Hello! Today, what should be the correct robots.txt for WordPress . About what robots.txt is and what it is eaten with, I already wrote two days ago. And now specifically for WordPress. This file has the ability to set basic rules for indexing a blog for various search engines, as well as apply different access rights for individual search bots.

For example, I will explain how to create the right robots.txt for WordPress. The basis will take the two main search engines – Yandex and Google. I want to note that Yandex prefers when it is addressed separately and the User-agent directive will help us with this. Bots read the contents of the file (as well as the source code of any page) from top to bottom, so the User-agent should be the first line.

one
User-agent: *

– if you put an asterisk in front of the directive, then all subsequent rules will apply to any robot. You can write separately the rules for the required bots, for example, for google, the line will look like this:

one
User-agent: yandex

Let’s remember that WordPress , like any content management system (CMS), has its own administrative resources, administration folders, etc., which should not be included in the index. To protect such pages, which may contain personal data, various logins and passwords, it is necessary to prohibit their indexing in this file in the following lines:

one
2
3
Disallow: / cgi-bin
Disallow: / wp-admin /
Disallow: / wp-includes /

Theme files, plugins, and WordPress cache are also hardly needed, we apply the corresponding rules to them:

one
2
3
Disallow: / wp-content / plugins
Disallow: / wp-content / cache
Disallow: / wp-content / themes

The next rule for writing the correct robots file is not to allow the index, and then the search results, such pages that duplicate the main content, thereby reducing the uniqueness of the content within the same domain.
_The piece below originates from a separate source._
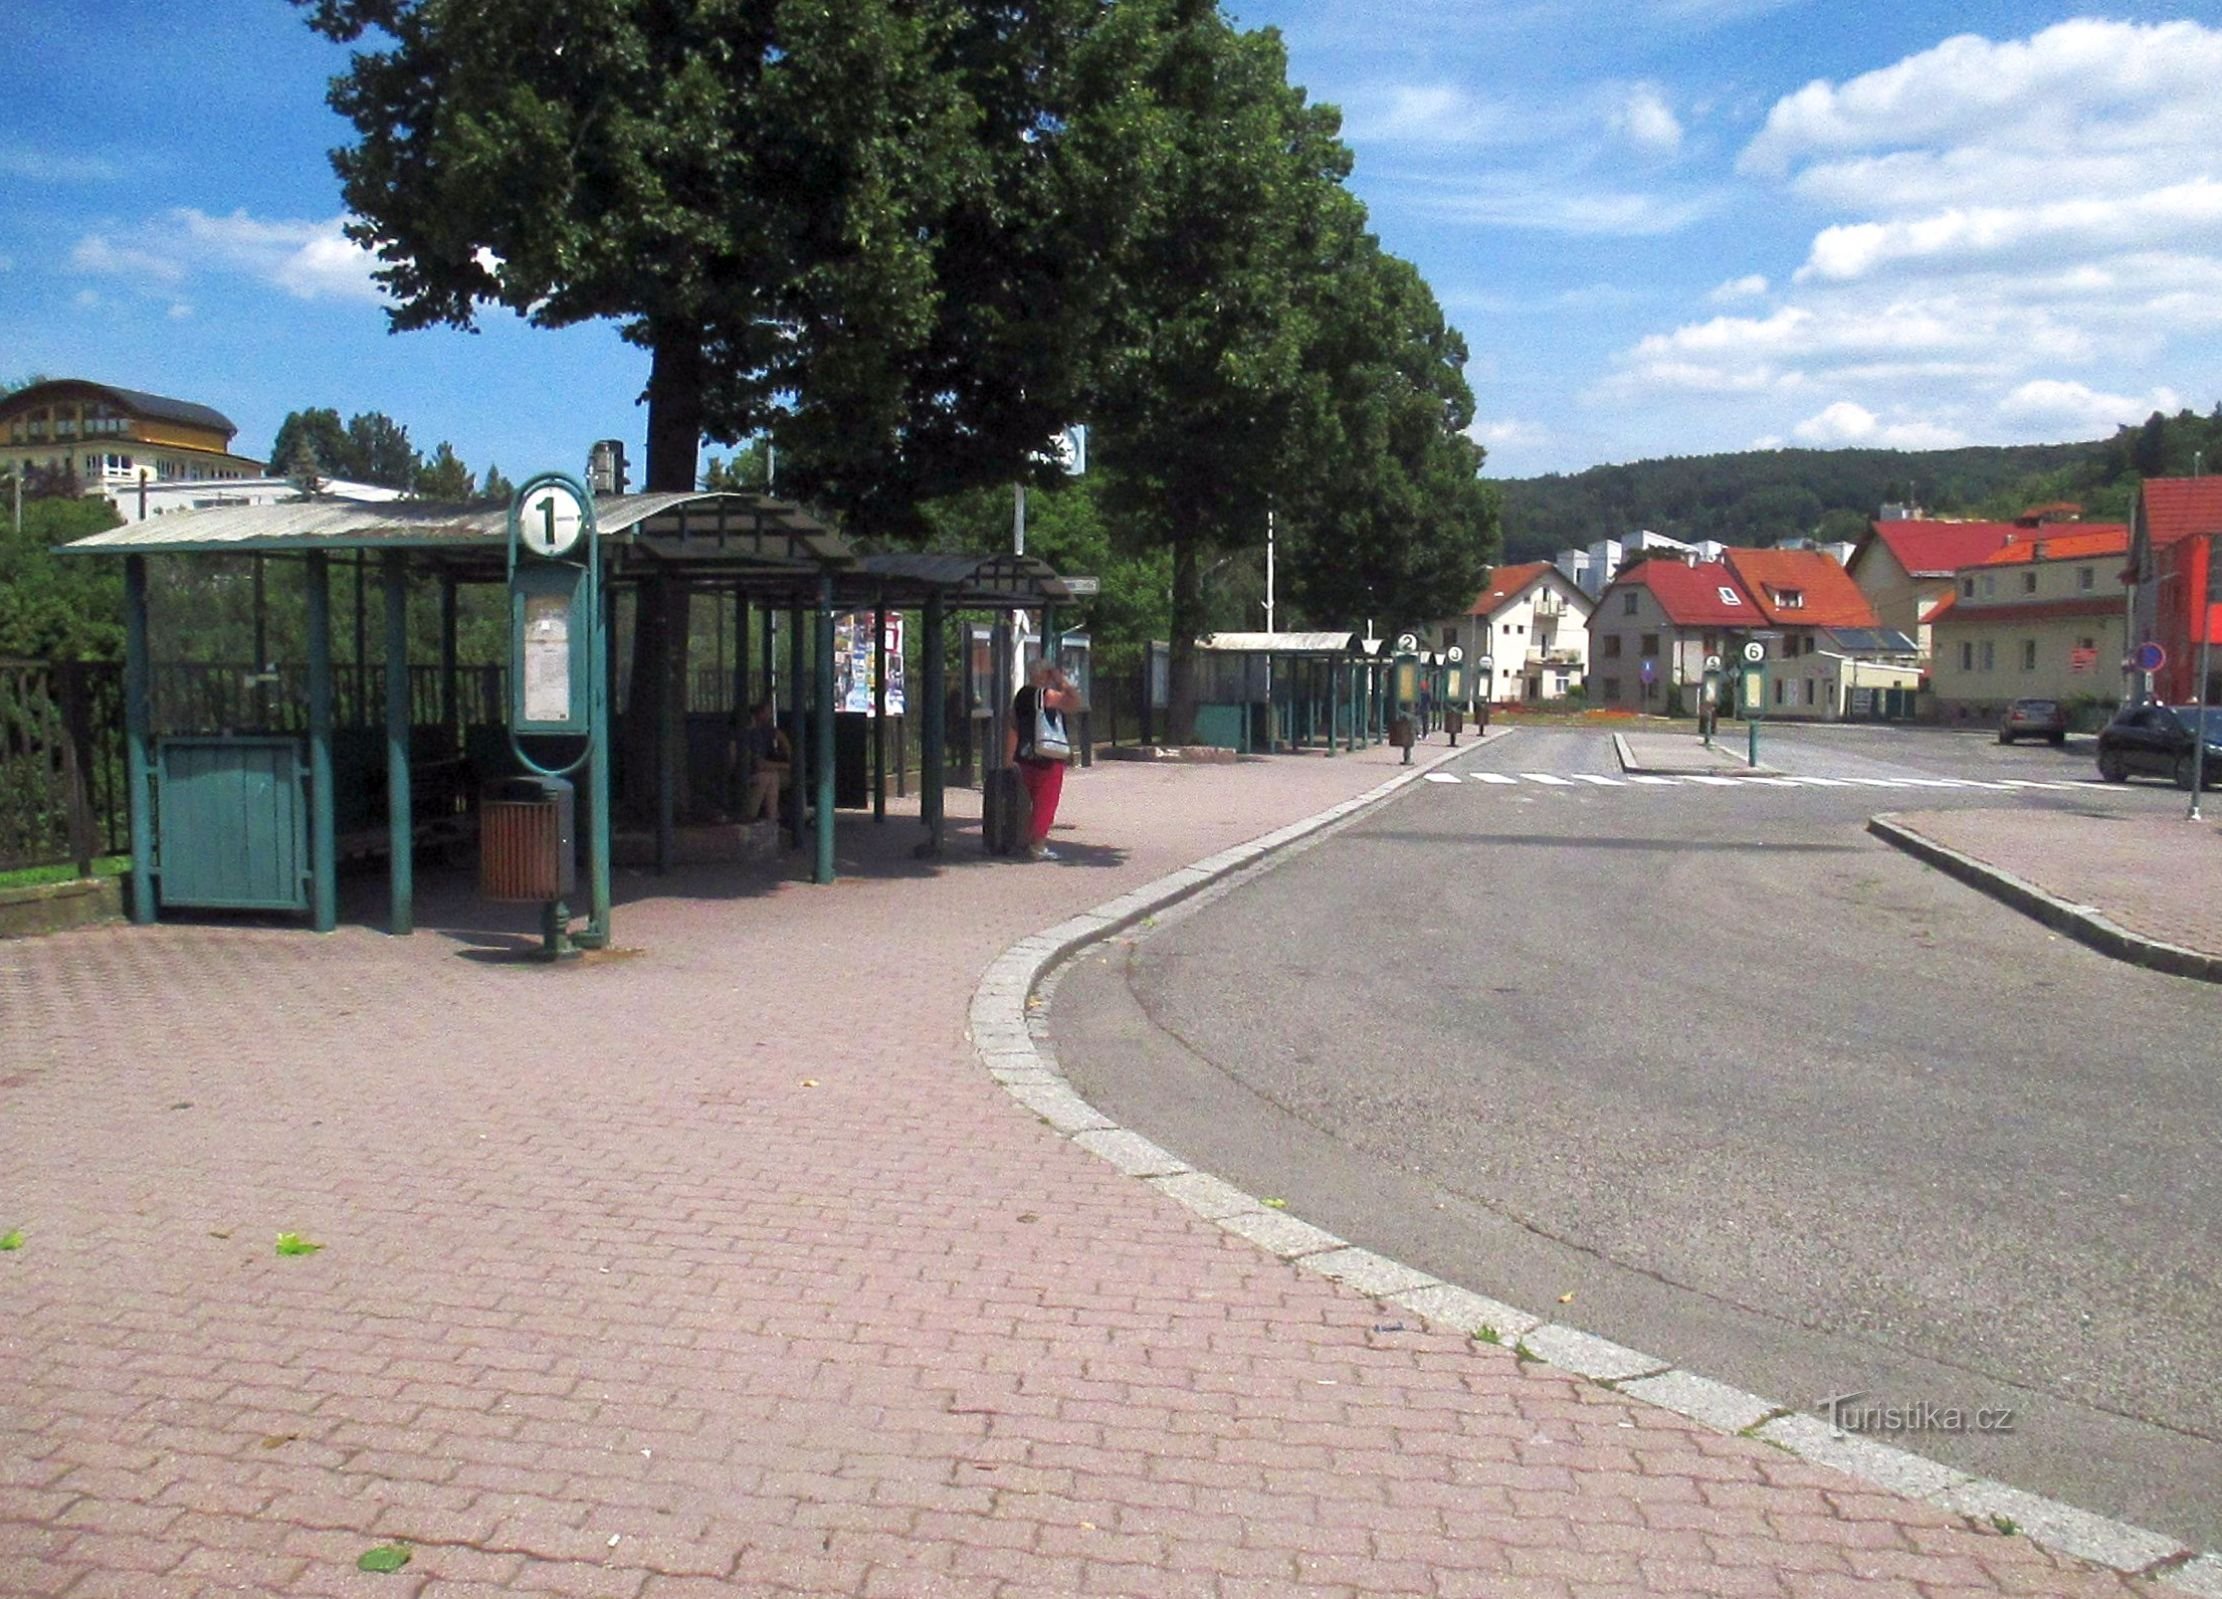 Luhačovice - busstation

You should get rid of such pages as soon as possible, otherwise there is a chance of getting under the filter. Where on the blog Wordpress goes duplication? First of all, these are tags, comment pages, rss feeds of comments, entries by various authors of the blog (even if it is one – there is still duplication on the page / author / name of the author /, etc.
).

one
2
3
four
five
6
7
eight
9
ten
eleven
Disallow: / wp-trackback
Disallow: / wp-feed
Disallow: / wp-comments
Disallow: / category /
Disallow: / author /
Disallow: / page /
Disallow: / tag /
Disallow: / feed /
Disallow: * / feed
Disallow: * / trackback
Disallow: * / comments

Further, I would like to pay attention to one aspect … If human-readable links are used on your blog , then the pages containing question marks in their URLs are often “redundant” and very often duplicate the main content. Therefore, they should also be prohibited:

one
2
3
Disallow: / *?
Disallow: / *? *
Disallow: /*.php

Please note that separate files with the .php extension are also prohibited, this is due to the fact that the same main page is accessible at several addresses and one of them is /index.php. This ban also includes administration files – install.php, login.php and others.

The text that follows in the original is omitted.